Clause de conscience des pharmaciens : absurdité française

Publié le 17 Déc, 2010

Dans Liberté Politique, Jean Paillot, avocat au barreau de Strasbourg, souligne l’absurdité de la jurisprudence française concernant les pharmaciens qui se voient refuser une clause de conscience en matière de vente de produits contraceptifs et abortifs. Celle-ci leur est refusée au motif qu’ils disposent du monopole de la vente de médicaments. Seules deux raisons sont admises pour justifier d’un refus de vente : l’absence du produit en stock et les dispositions suivantes de l’article R. 4235-61 CSP :  “Lorsque l’intérêt de la santé du patient lui paraît l’exiger, le pharmacien doit refuser de dispenser un médicament. Si ce médicament est prescrit sur une ordonnance, le pharmacien doit informer immédiatement le prescripteur de son refus et le mentionner sur l’ordonnance.
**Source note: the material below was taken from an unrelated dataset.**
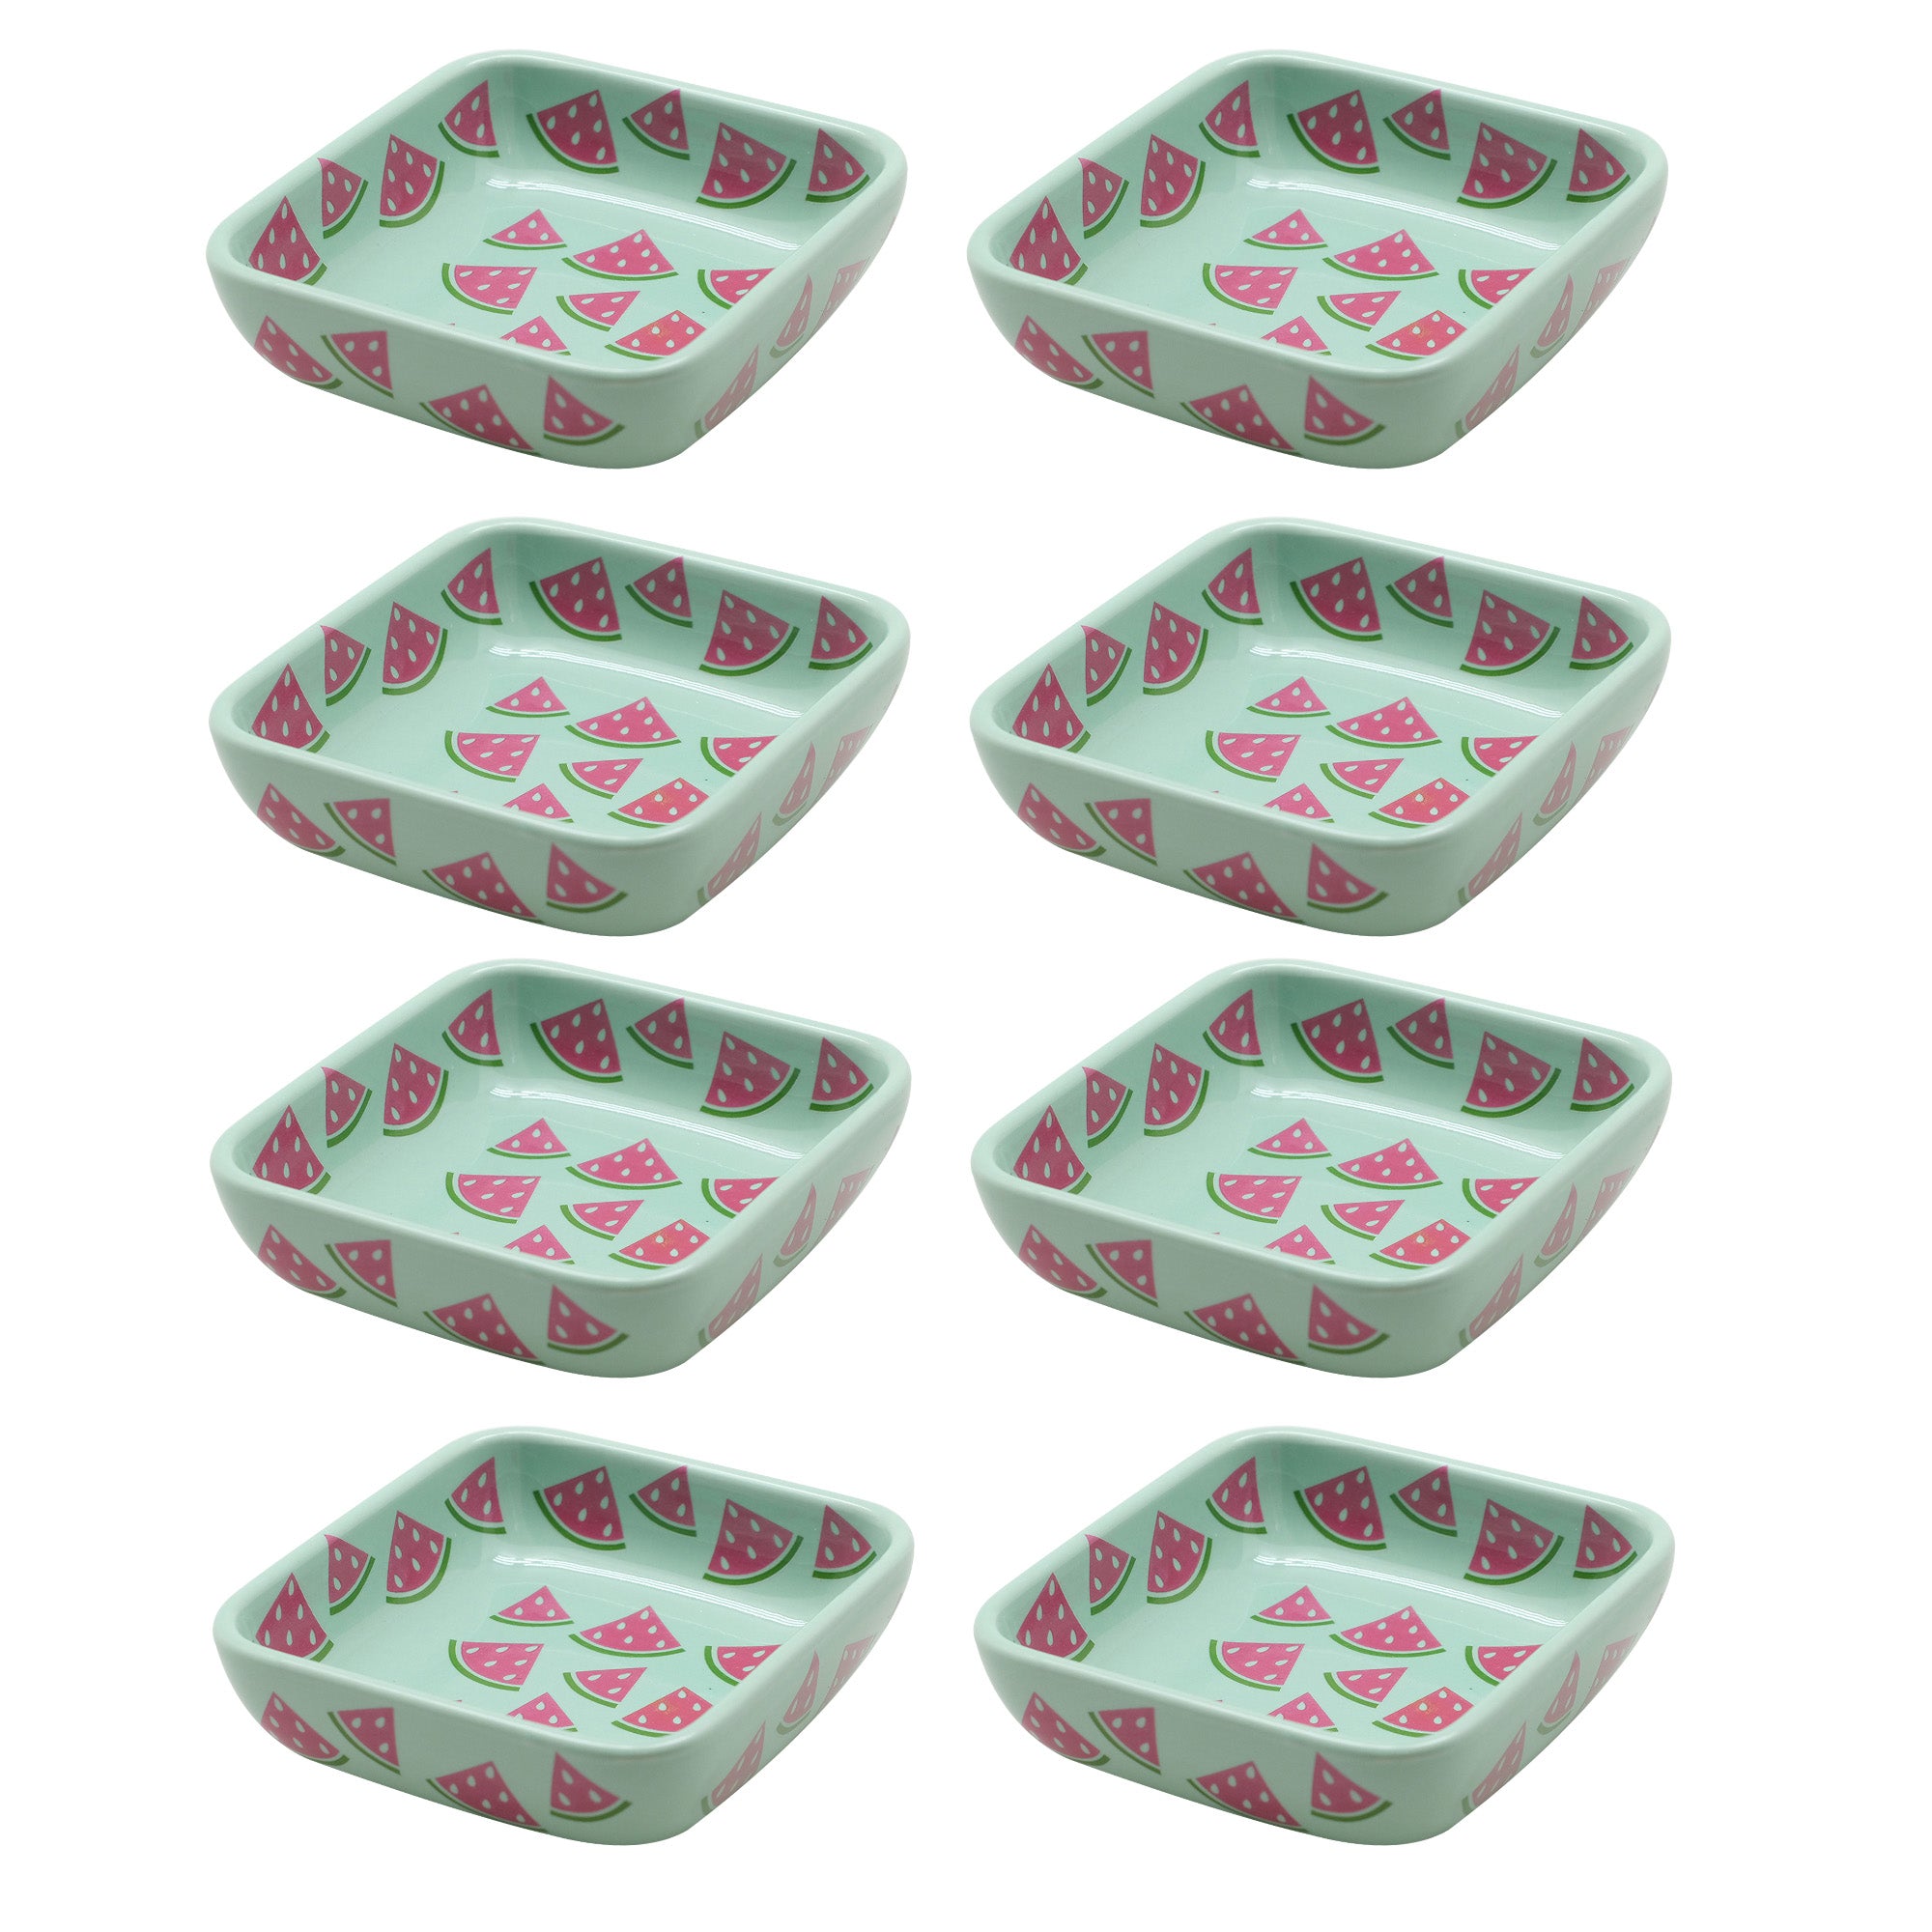 Temp-tations 4 oz Dipping Bowls, Set of 8-Watermelon

Un arrêt du 16 juillet 1981 précise qu’un pharmacien ne peut refuser la vente d’un produit contraceptif s’il l’a en stock mais qu’aucune obligation légale ne le contraint à renouveler son stock ou de proposer au client de commander le produit. Toutefois, si ce dernier demande expressément la commande du produit, le pharmacien est contraint de le commander sans possibilité d’évoquer une clause de conscience.

 

Un arrêt du 21 octobre 1998 de la Cour de cassation a condamné le refus de vente des pharmaciens au nom de convictions personnelles. Il y a ici une incohérence puisqu’un chirurgien, par exemple, peut refuser de procéder à une opération de stérilisation à visée contraceptive en invoquant la clause de conscience alors qu’il possède aussi un “monopole, puisque personne d’autre qu’un chirurgien ne peut procéder à une opération de stérilisation“. Si en 1975, seul un médecin pouvait pratiquer une interruption de grossesse, lors d’une intervention chirurgicale, les pharmaciens sont aujourd’hui amenés à fournir des produits abortifs, si bien que l’on peut naturellement s’interroger, par analogie, sur leur droit à la clause de conscience dont bénéficient les médecins, sages-femmes et infirmiers en matière d’avortement.

 

L’article L. 2212-8 CSP dispose qu’ “aucun auxilliaire médical, quel qu’il soit, n’est tenu de concourir à une interruption de grossesse“. L’absurdité tient à ce que, dans le Code de la santé publique, les pharmaciens n’entrent pas sous l’intitulé des “auxilliaires médicaux” réservés aux infirmiers mais aussi à d’autres professions comme les pédicures-podologues, masseurs-kinésithérapeutes, orthophonistes, opticiens-lunetiers, psychomotriciens, diététiciens, etc. Les opticiens lunetiers, par exemple, peuvent donc bénéficier d’une clause de conscience en matière d’avortement mais pas les pharmaciens ! Cela montre “l’absurdité d’une lecture littérale de l’article L. 2212-8 CSP“. C’est l’esprit du texte qu’il faut considérer, explique Jean Paillot :  “préciser qu’”aucun auxiliaire médical, quel qu’il soit, n’est tenu de concourir à une interruption de grossesse”, c’est en réalité disposer que personne n’est obligé de concourir à une interruption de grossesse“.

 

De même qu’une clause de conscience est reconnue aux infirmiers même s’ils ne pratiquent pas directement, par eux-mêmes, une IVG, de même, la demande des pharmaciens souhaitant qu’une clause de conscience leur soit reconnue est légitime “lorsqu’ils expriment que, s’ils ne pratiquent pas eux-mêmes une interruption de grossesse, ils en fournissent le moyen“. Enfin, la question du monopole qu’ils possèdent dans la vente de produits abortifs ne justifie nullement de leur refuser une clause de conscience dans la mesure où l’avortement peut être effectué par d’autres moyens.

 

De la même manière, seuls les médecins pouvaient procéder à des IVG il y a quelques années et une clause de conscience leur est accordée. Ainsi, un “toilettage de l’article L. 2212-8 CSP” est aujourd’hui nécessaire.